All the pirate cloners, hackers, downloaders and freeloaders are making a mockery of the lawyers and legal counsellors. They swarm on each node and propagate every crime imaginable. "The Unknown Minor"—remember her or him?—is still at large and dropped a bombshell in the copyright wars of 2017 by cracking and releasing the code to The Subliminal Anarchist’s Cookbook. Recall that the SAC, which accounted for the collapse and demolition of the global psyche, was rescinded and outlawed in 2016 when the Depression Matrix Squad busted a ring of juveniles sabotaging master security feeds in Amsterdam, Johannesburg and Toronto. This was what they call terminator knowledge. It was about that time when they installed the machine in classroom seven. It is now 2020 and the conceptual safety nets we once cherished have all but failed. Rosy as they sounded, they rang hollow…

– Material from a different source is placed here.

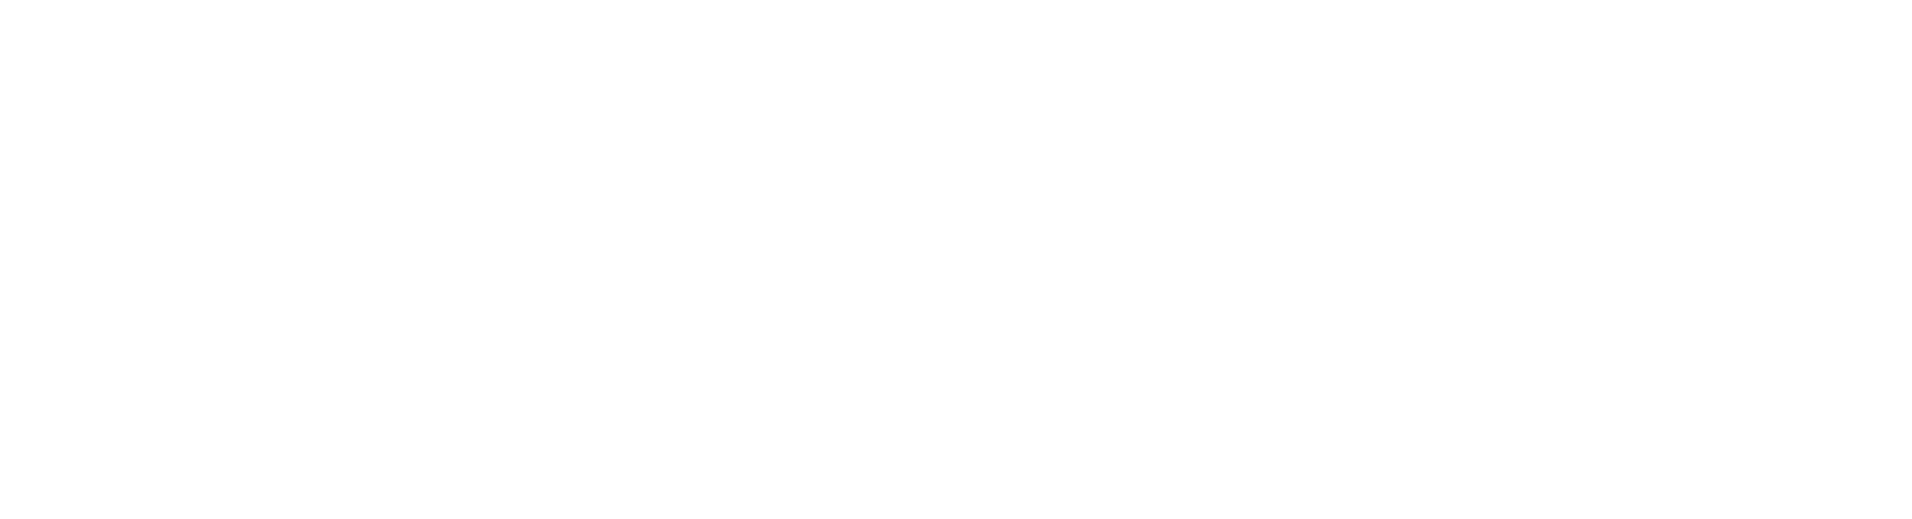 Skyco Group

As Lyotard feared, albeit with more general reference to the status of knowledge, lifelong learning, the darling of educators for three decades grew corrupt and increasingly commodified. She lasted but a generation (James & Petrina, under review). All those redeemers—the arts, humanities, religions, sciences and technologies—tasted power, caved in and sold out. The merchants of knowledge were little more than pawns of promise, prophet and progress.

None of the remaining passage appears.